What was with the guys on the AFed stall dressing in shiny suits like teenagers on their first job interview  ?

Only went to one meeting/workshop as most didn't really appeal.

Still dominated by young counter-cultural types, but not as much as you might think.

The 'spoons had run out of Devil's Backbone by the time I got there and everyone was still being very sober and civilised by the time I left.


----------



## Pickman's model (Oct 19, 2014)

good to see the usual suspects yesterday


----------



## Brixton Hatter (Oct 19, 2014)

gutted i missed the peter linebaugh talk - did anyone go?


----------



## Fozzie Bear (Oct 20, 2014)

I was a bit knackered when I got there, so avoided meetings and the pub.

There was a refreshing lack of the stench of body odour this year, I thought.


----------



## DaveCinzano (Oct 20, 2014)

Fozzie Bear said:


> There was a refreshing lack of the stench of body odour this year, I thought.

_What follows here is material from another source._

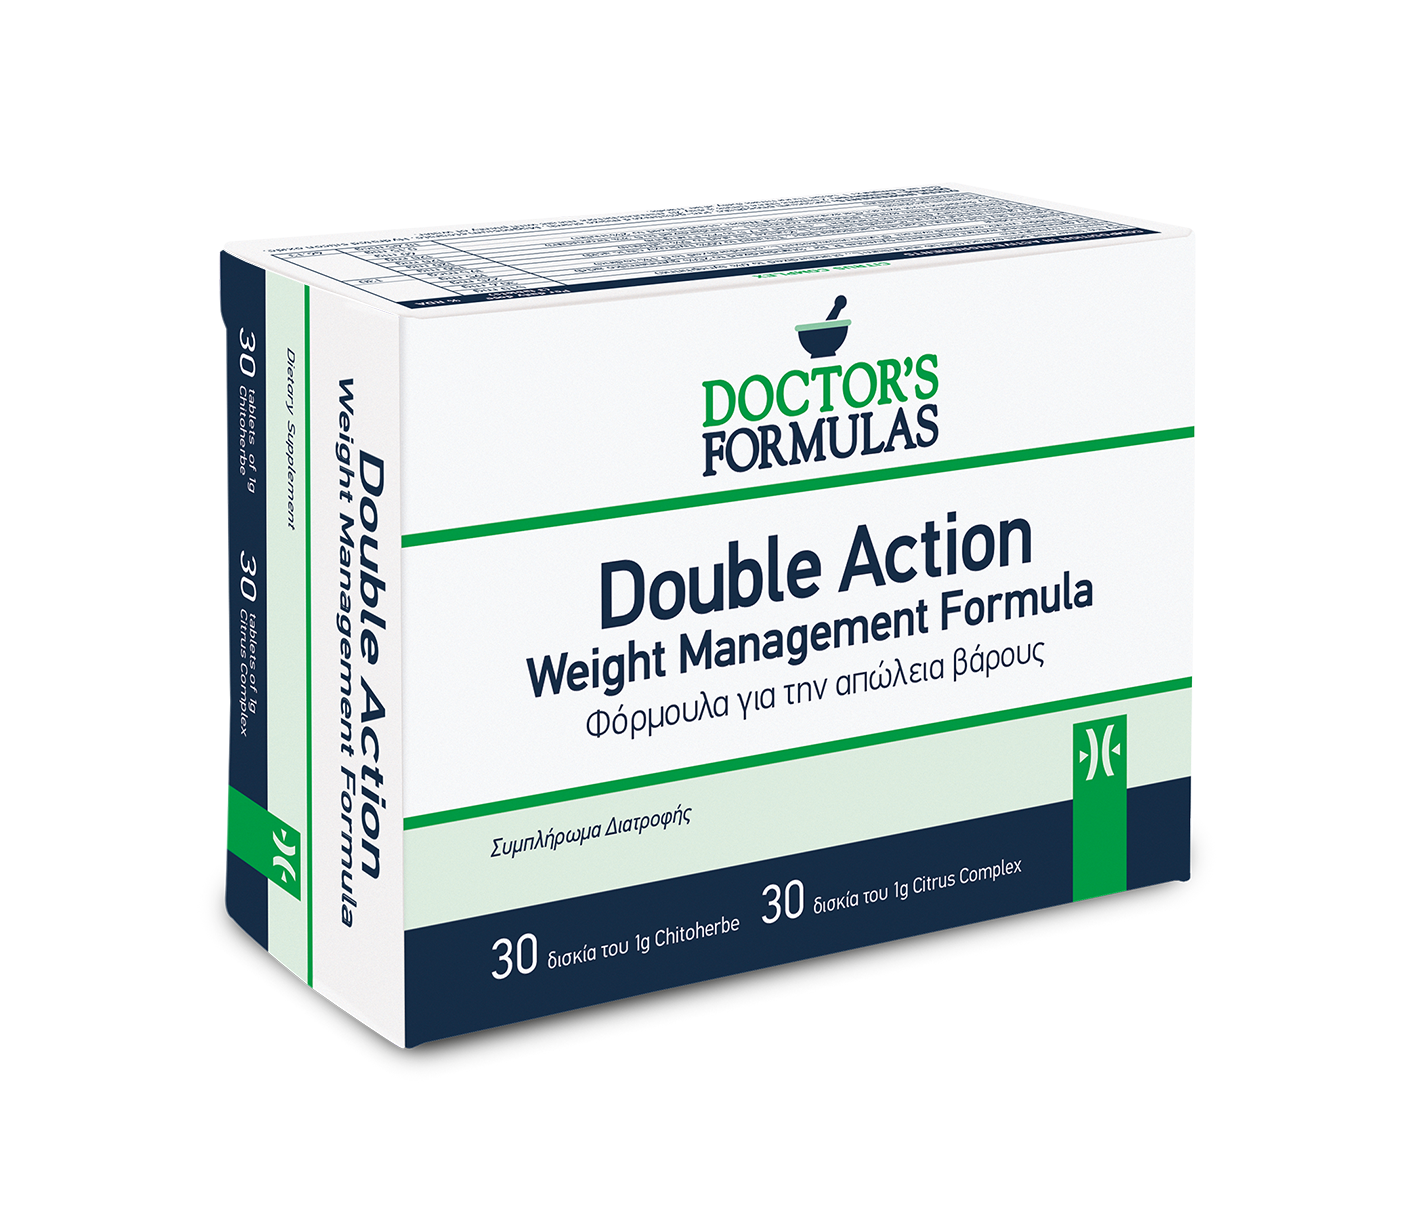 Doctor's Formulas Double Action Weight Management Formula 60 Δισκία

Right, who was barred this year?


----------



## Fozzie Bear (Oct 20, 2014)




----------



## butchersapron (Oct 20, 2014)

Was there but it was a business day (for once) so sorry to people i normally end up boozing with, just couldn't do it this year. Hope quick hellos and catch-ups weren't taken as brush offs. Expected smaller turnout this year, surprised at very healthy numbers. Only one tiny bit of bother that i saw. Shouting cockney handbags really.


----------



## DaveCinzano (Oct 20, 2014)

butchersapron said:


> Shouting cockney handbags



O yeh, got their limited edition purple vinyl 12", totally banging and off the hook


----------



## newbie (Oct 20, 2014)

Fozzie Bear I bought the first of those but missed the second.  Is it also newly published and extracted from local stuff at the time?


----------



## kropotkin (Oct 20, 2014)

Fozzie Bear said:


>



Wicked! I'm tempted to buy another copy just so I get Nick's biographies in hardcopy. My Slow Burning Fuse is pre-Heath.


----------



## Blagsta (Oct 20, 2014)

No good gossip then?


----------



## butchersapron (Oct 20, 2014)

Brixton Hatter said:


> gutted i missed the peter linebaugh talk - did anyone go?


Ad break: You can catch it again in bristol this weds

WEDNESDAY 22ND OCTOBER
"The Commons or the True Commons" - Peter will present his new book Stop, Thief!: The Commons, Enclosures, and Resistance (PM Press, 2014) at the Hydra Bookshop, Bristol (34 Old Market). The talk will begin at 7.30pm.


----------



## Fozzie Bear (Oct 20, 2014)

newbie said:


> Fozzie Bear I bought the first of those but missed the second.  Is it also newly published and extracted from local stuff at the time?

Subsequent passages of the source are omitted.